EXERCISE PROMPT:
Return all the lines below in which the string "Shirt" appears.

PROVIDED RECORDS:
┌──
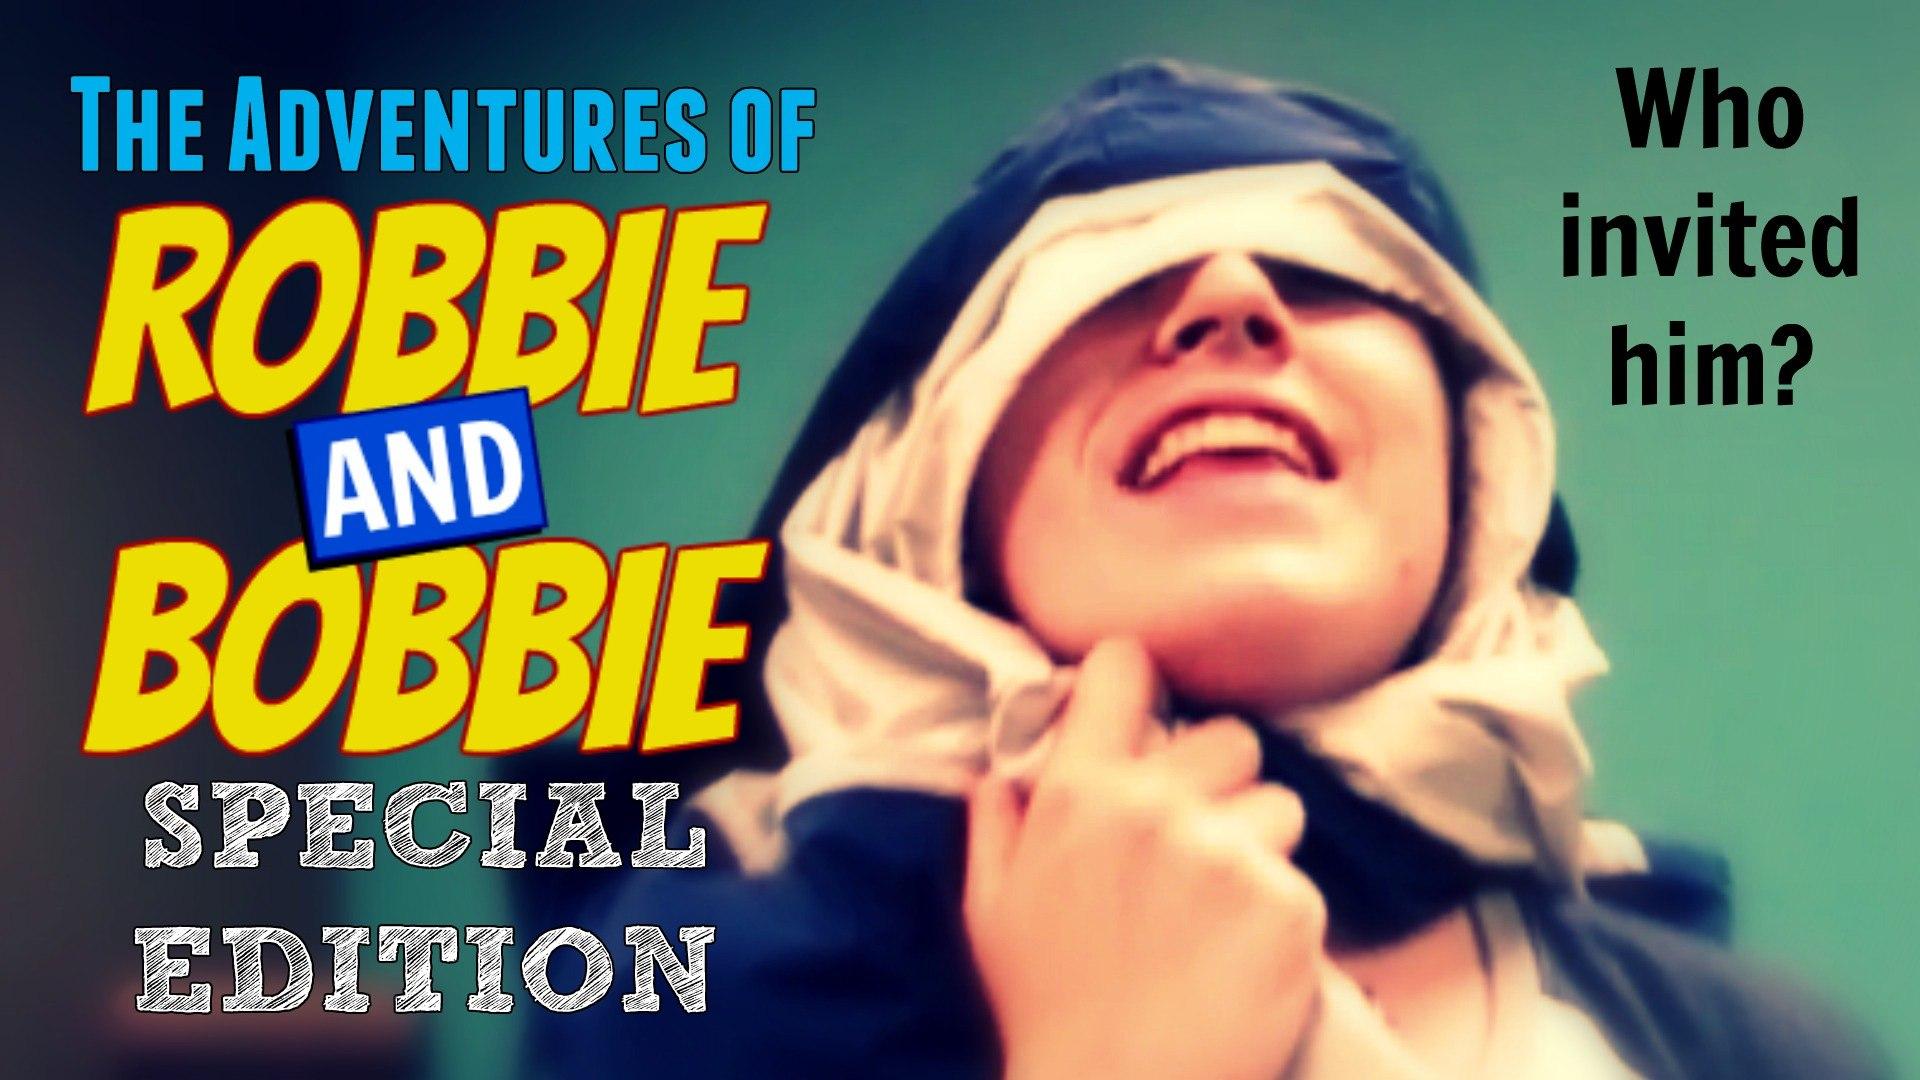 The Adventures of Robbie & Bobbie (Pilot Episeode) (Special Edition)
└──
┌──
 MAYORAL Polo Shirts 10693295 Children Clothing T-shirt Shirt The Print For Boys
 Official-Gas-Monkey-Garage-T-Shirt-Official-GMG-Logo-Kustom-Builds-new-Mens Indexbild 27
└──
RESULT:
 MAYORAL Polo Shirts 10693295 Children Clothing T-shirt Shirt The Print For Boys
 Official-Gas-Monkey-Garage-T-Shirt-Official-GMG-Logo-Kustom-Builds-new-Mens Indexbild 27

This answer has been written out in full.